Leaving out the images, return the data below exactly as it is written.

GIVEN INFORMATION:
*-*-*

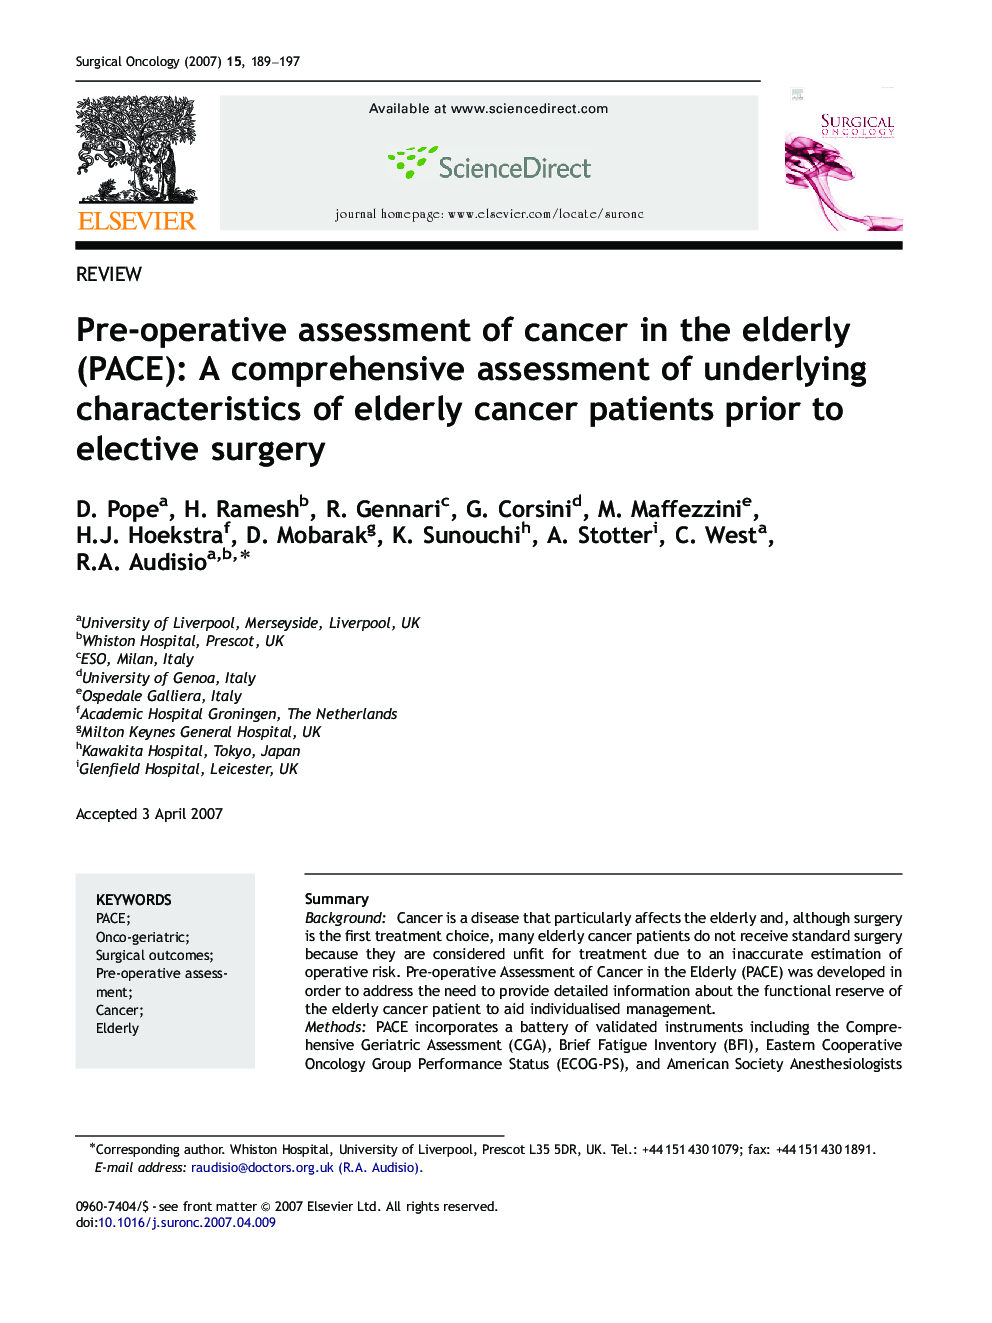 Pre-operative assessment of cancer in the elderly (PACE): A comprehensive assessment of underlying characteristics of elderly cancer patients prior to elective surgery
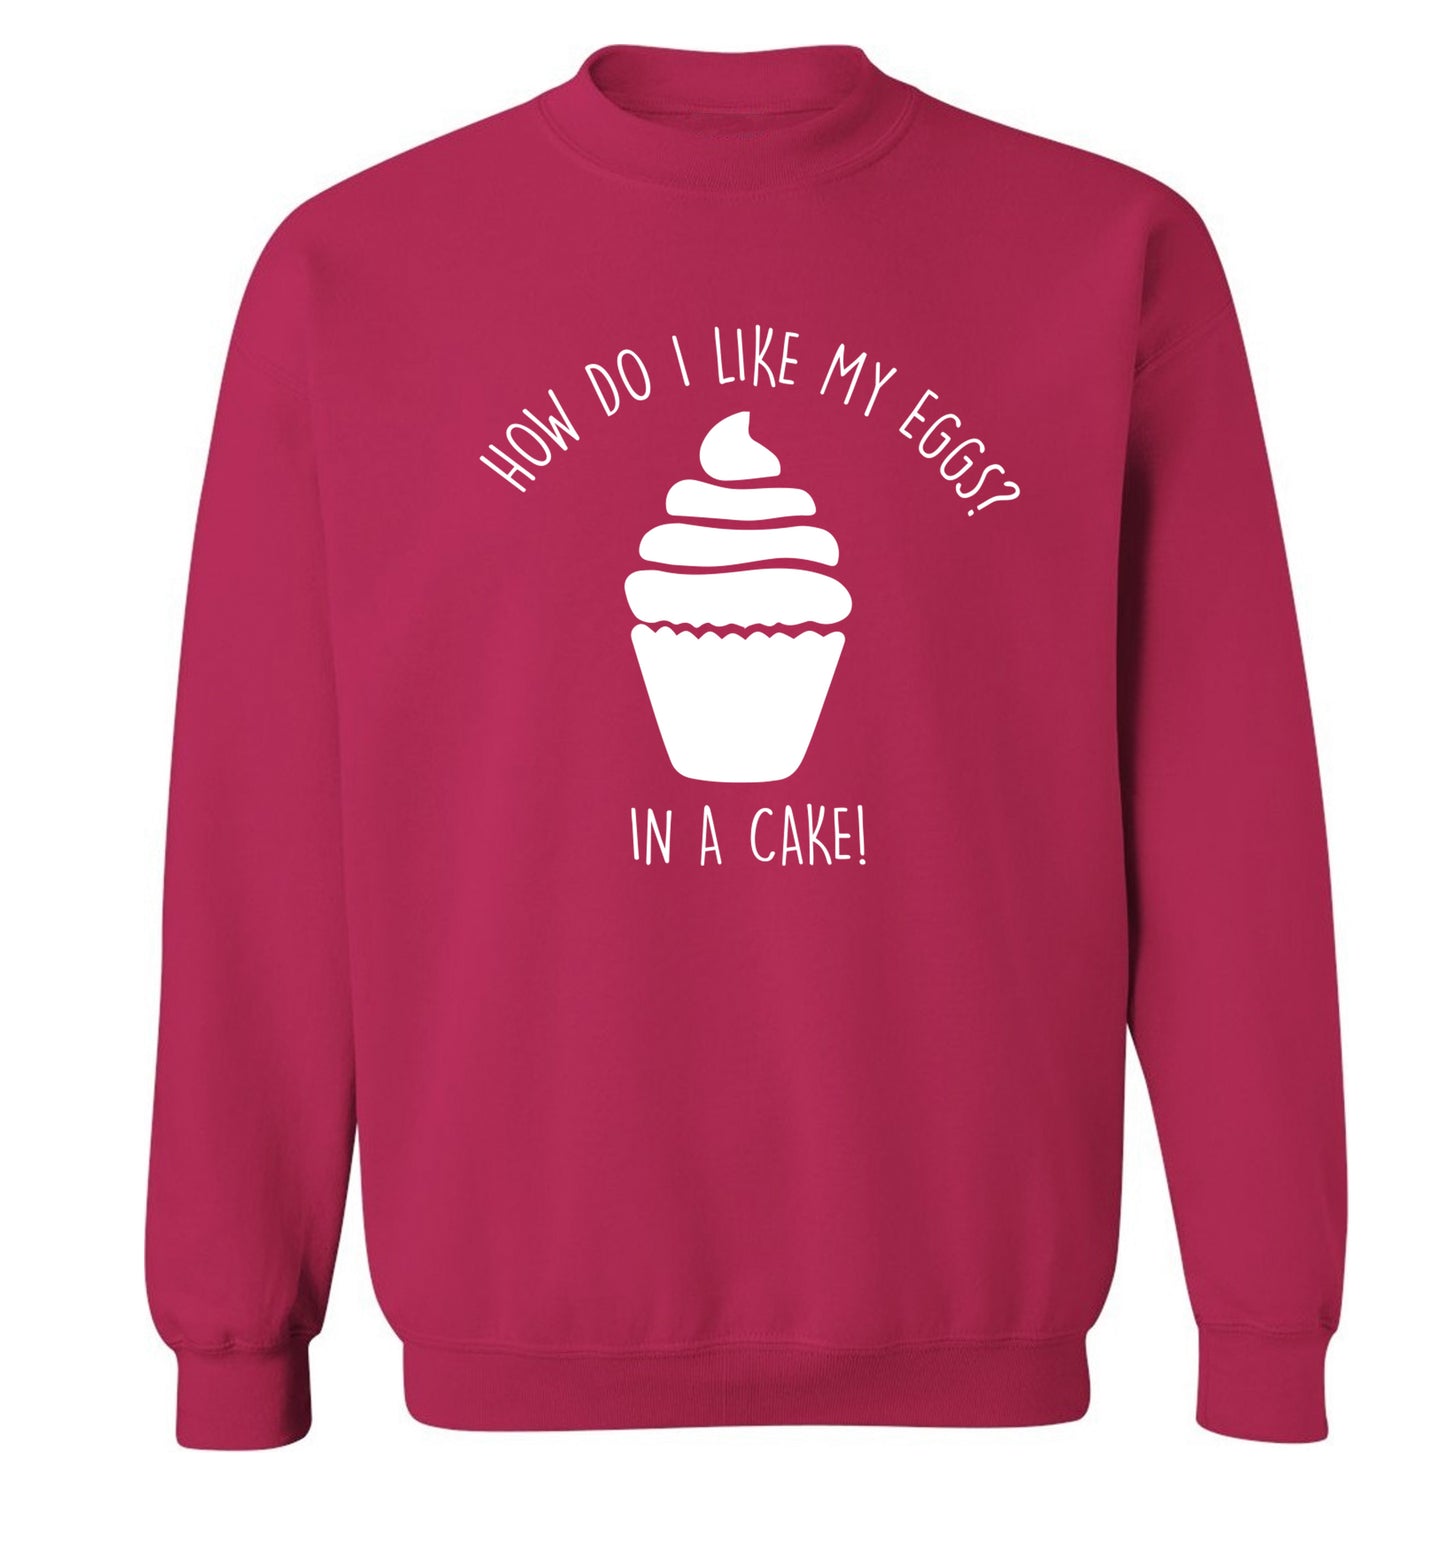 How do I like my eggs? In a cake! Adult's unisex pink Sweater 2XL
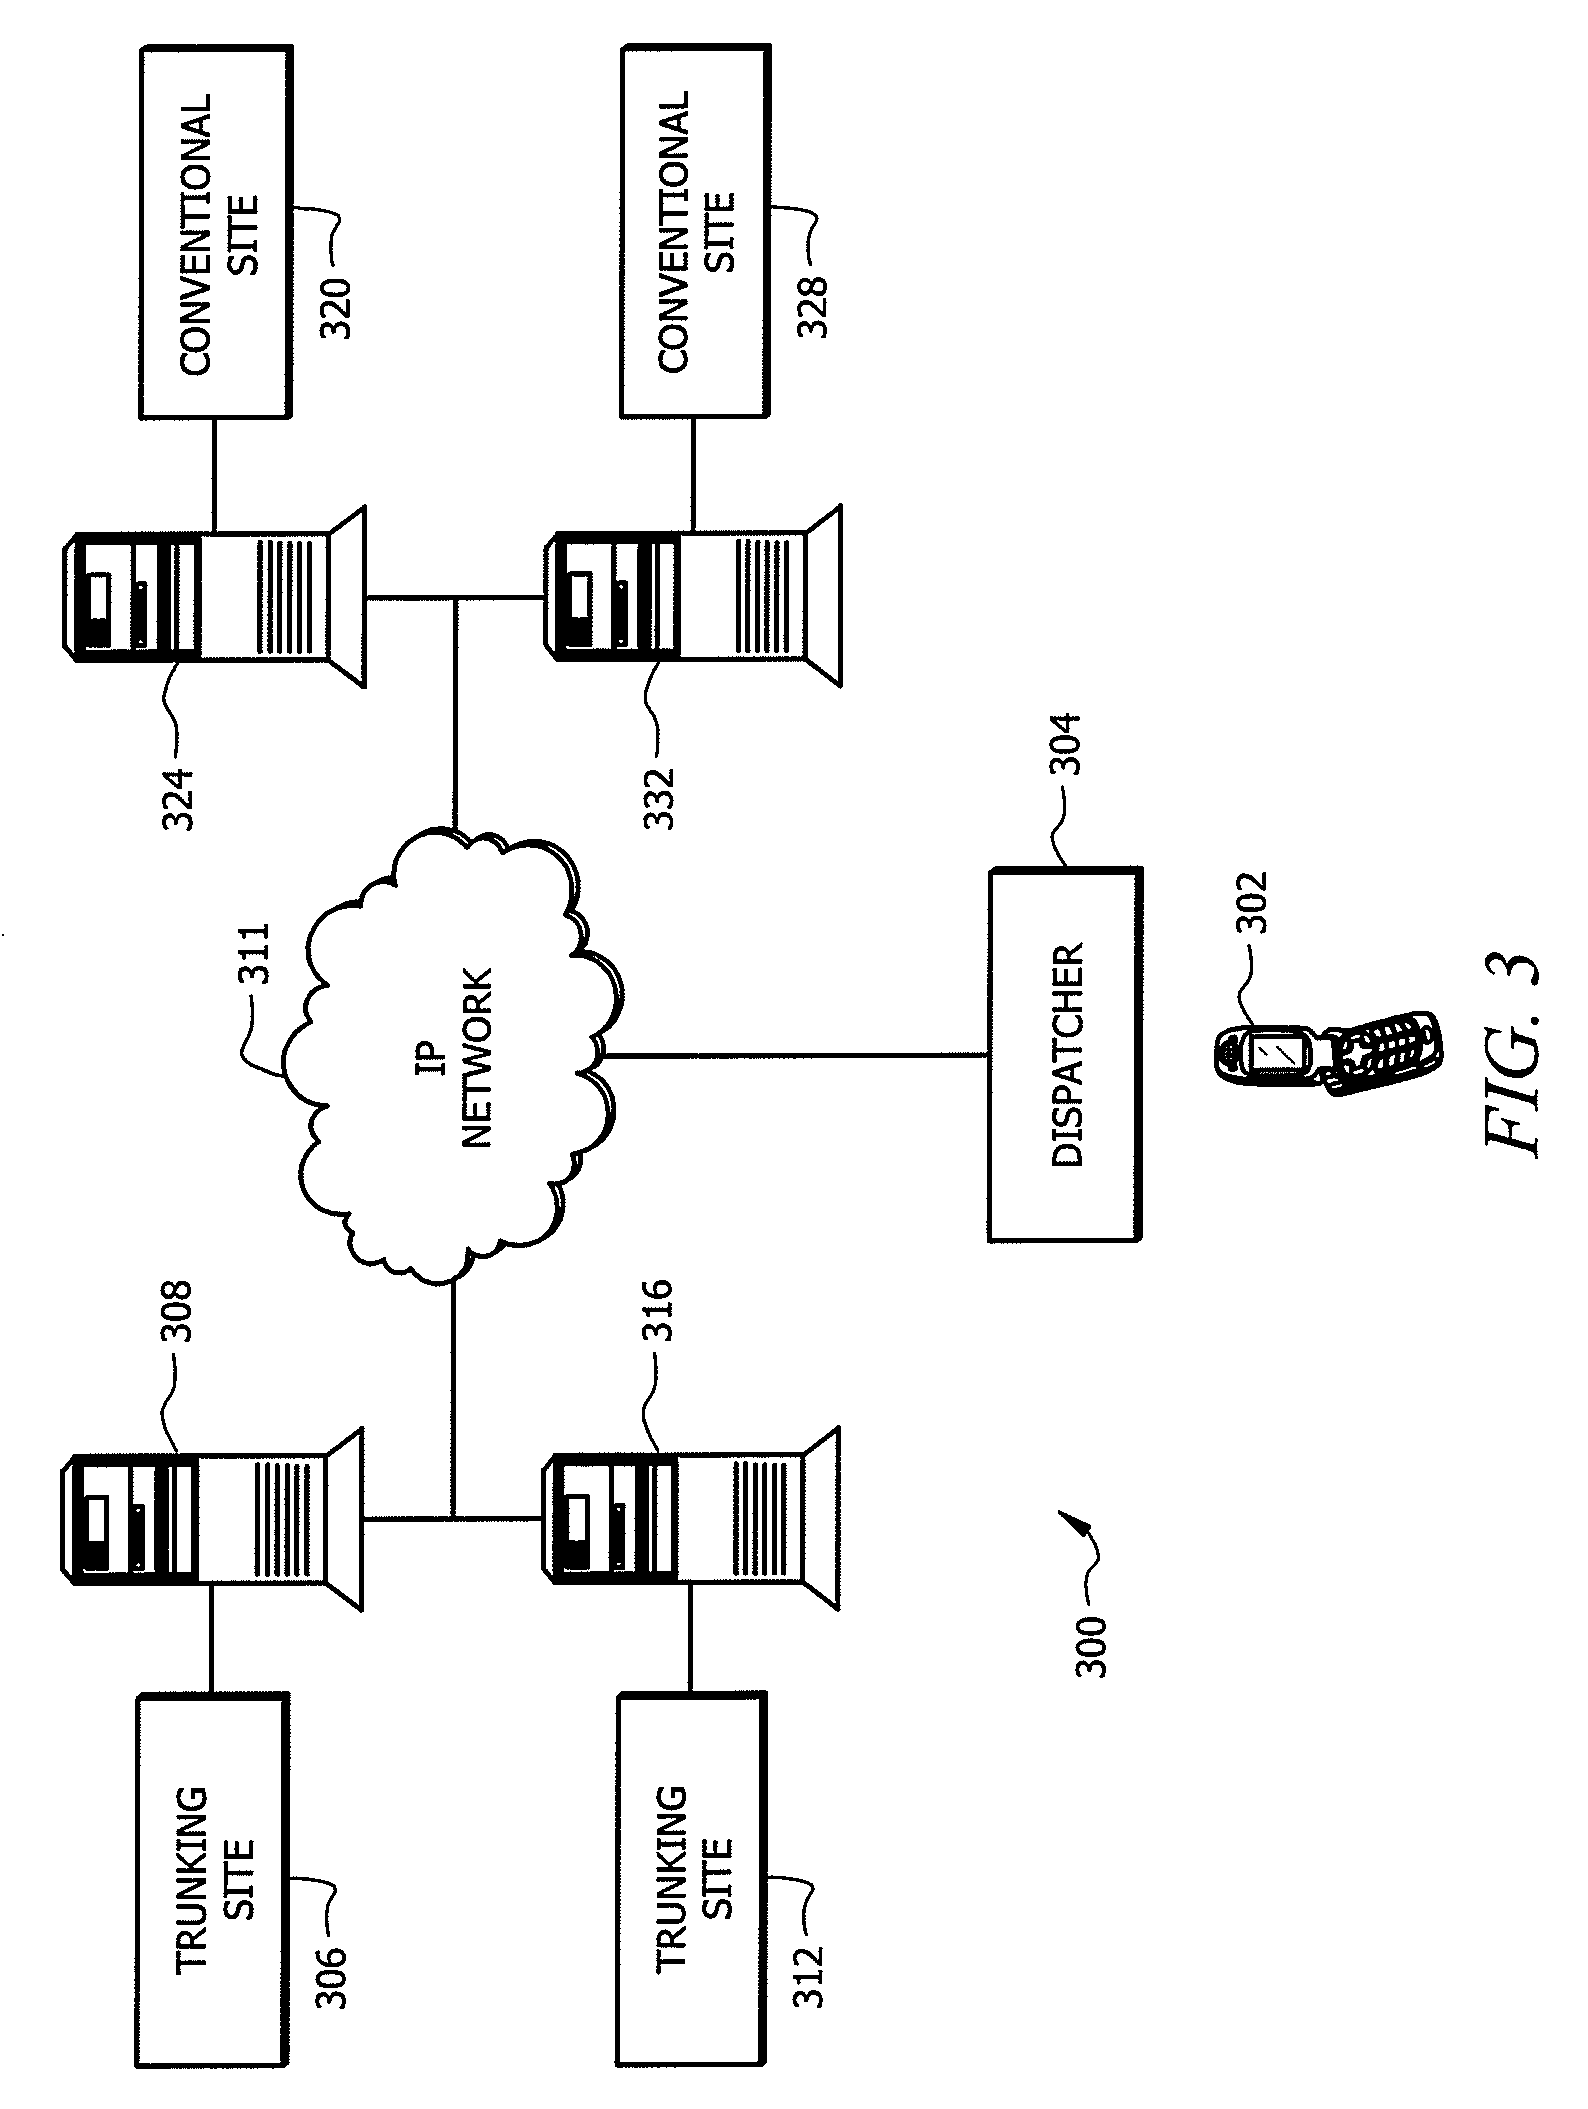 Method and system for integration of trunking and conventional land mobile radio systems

*-*-*

SOLUTION TO THIS PROBLEM:
 Pre-operative assessment of cancer in the elderly (PACE): A comprehensive assessment of underlying characteristics of elderly cancer patients prior to elective surgery
 How do I like my eggs? In a cake! Adult's unisex pink Sweater 2XL
 Method and system for integration of trunking and conventional land mobile radio systems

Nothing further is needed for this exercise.